Dixit Joshi, Group Treasurer of Deutsche Bank, recently shared some insights with us about what life is like for a prominent Investment Banker, as well why he supports the British Asian Trust.
What is a typical working day like for you as Group Treasurer of Deutsche Bank?
It’s the oldest cliché but there truly is no typical day in banking. However, I can be working from our London, Frankfurt, New York or Singapore offices and there will still be some common themes to my day. Firstly, it will be incredibly busy with internal and external meetings. Every day I will catch up with my management team on a range of topics from new business and issuances, liquidity stress forecasting, capital and balance sheet decisions and regulatory matters. I frequently meet with clients and investors of the bank to discuss our strategy, capital and balance sheet management or latest results. We have regular internal meetings across Treasury and the bank where discussion will centre on the strategic use of our financial resources, risks and priorities. And once every week to two weeks I will attend the Deutsche Bank Management Board to update them on the departments work and ongoing challenges.
Hopefully the second theme has already emerged, and that is the variety of topics and tasks in my day. As Treasurer my responsibility is to steer the firm’s financial resources in a commercial, controlled and compliant manner. As this touches every business and covers capital, leverage, liquidity and funding my team and I can pivot from being focused on funding for a large multi-billion transaction for a New York Trading desk one hour to discussing liquidity risks with regulators in Singapore the next.
The combination of live markets, trading activity and client transactions means staying nimble and able to adapt to changing conditions are key pre-requisites in this position.
What has been the biggest highlight of your career to date? And some of the challenges?
Highlight? It is hard to single out a specific instance but would say the opportunity to have worked in the US, Asia and EMEA, across several diverse businesses and through so many good and challenging markets over the past 25 years - to have survived many of those would qualify as a highlight I think!
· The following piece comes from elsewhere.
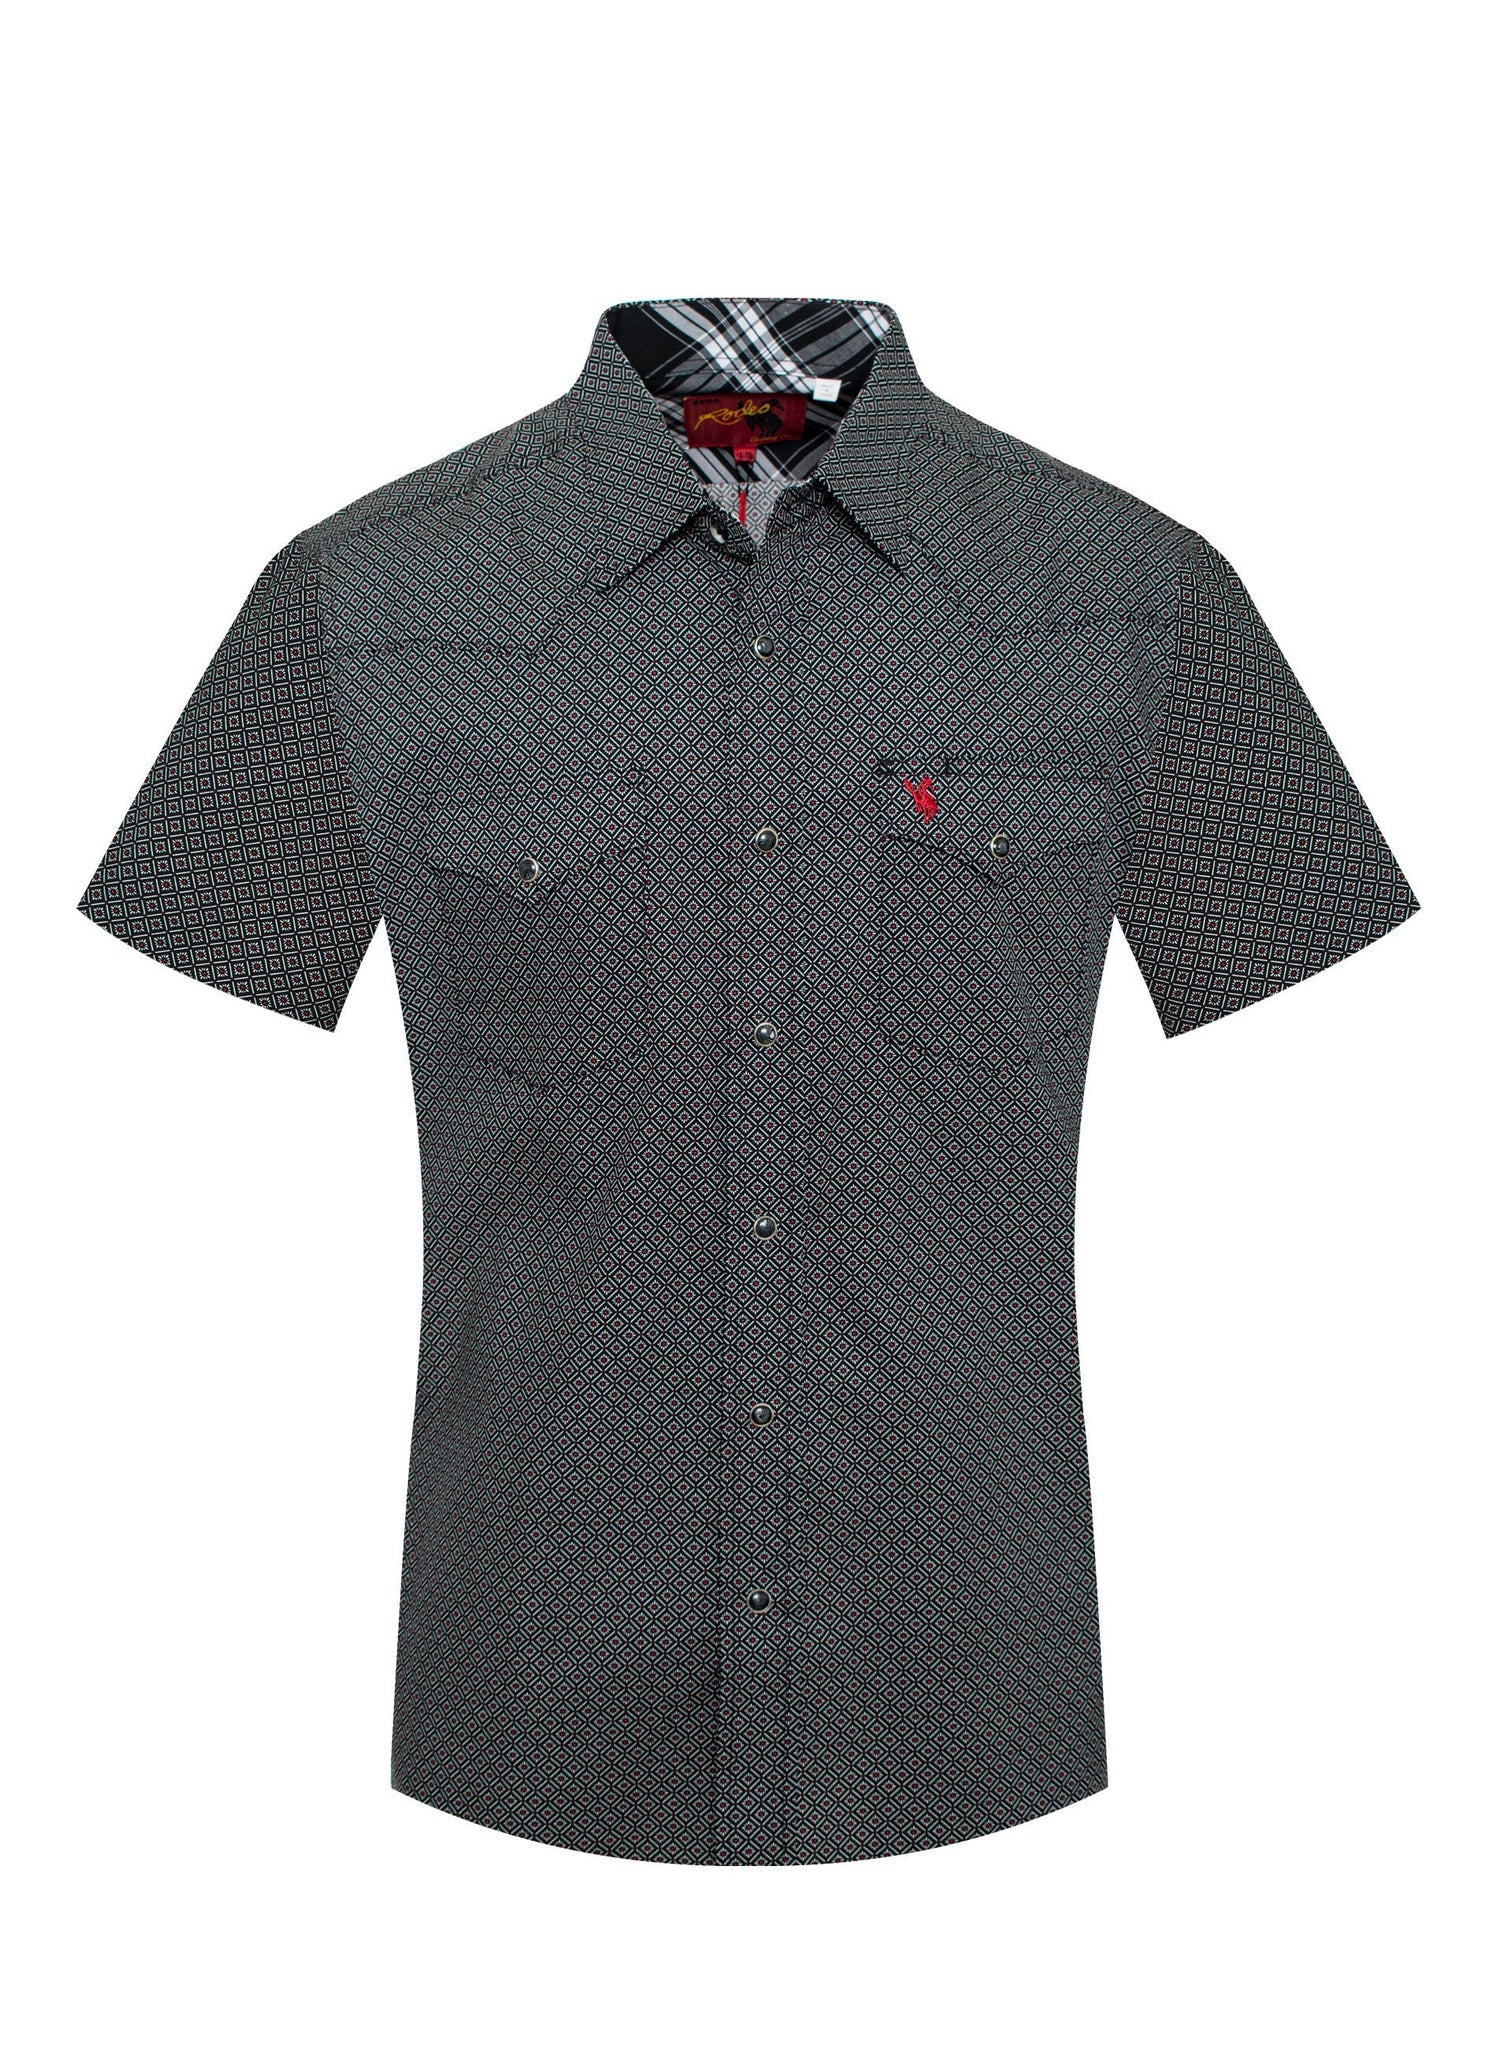 Men's Short Sleeve Pearl Snap Print Shirt -PS100S-147

One of the challenges I have frequently addressed throughout my career is bringing about change. In large organisations it can be difficult navigating through all the layers to execute on change needed. I’m especially focused on utilising smart technology to solve issues in a way we couldn’t before, and whilst this is greatly supported, the implementation of projects of this size in a 100 000-person organisation brings many challenges.
How do you stay passionate about what you do?
The knowledge that we can drive real change, to produce tangible outcomes that will benefit people – the banks clients, shareholders, employees and the wider communities – that keeps me driven. Also, with few industries having this combination of such incredibly talented people with a dynamic and ever-changing environment, it remains intellectually complex and most interesting.
Philanthropy and giving back is a big part of your life – what approach to philanthropy have you adopted and how much has this been influenced by your professional life?
My approach has been to seek out where an impactful difference can be made and measured, whether this be with charities, as an individual or as an angel investor. I’m sure my professional life will have influenced this, as my banking and investing experience has led me to focus more on ‘venture philanthropy’. It is important to maximise the impact of efforts to be efficient and effective, and identifying the right partners to work with is probably the most important decision to get right.
What issues are you particularly passionate about supporting? And why?
Having been educated in South Africa and with close experience in India, I’ve been able to see first-hand the transformative impact education can have on generations. In Banking and elsewhere, the rapid changes we are seeing due to technology advancement have an enormous risk of creating further inequality unless we invest in building skills.
Hence, I’m actively involved in a number of educational initiatives. Through the Joshi Family Foundation, as a board member of Pratham, a leading India focused education non-profit, as a trustee of the Student Sponsorship Programme in South Africa and as a supporter and judge of the Global Teacher prize. I recently attended the Global Teacher Prize Gala and hearing the stories of these inspirational teachers reminded me again of the importance of investing in futures.
Why do you support the British Asian Trust?
The Trust has at its heart the same values and beliefs as I do and I believe that working as a collective will see us achieve much more than as a sum of parts. Having been involved now for many years I’ve seen first-hand the impact that can be made but acutely aware of how much more there is to be done. The Trust’s focus on outcomes fits well with my investment philosophy and the recent work on the Development Impact Bond brings together the best of bond, financial markets and compassion to deliver on education “performance” targets. I can’t think of a better investment!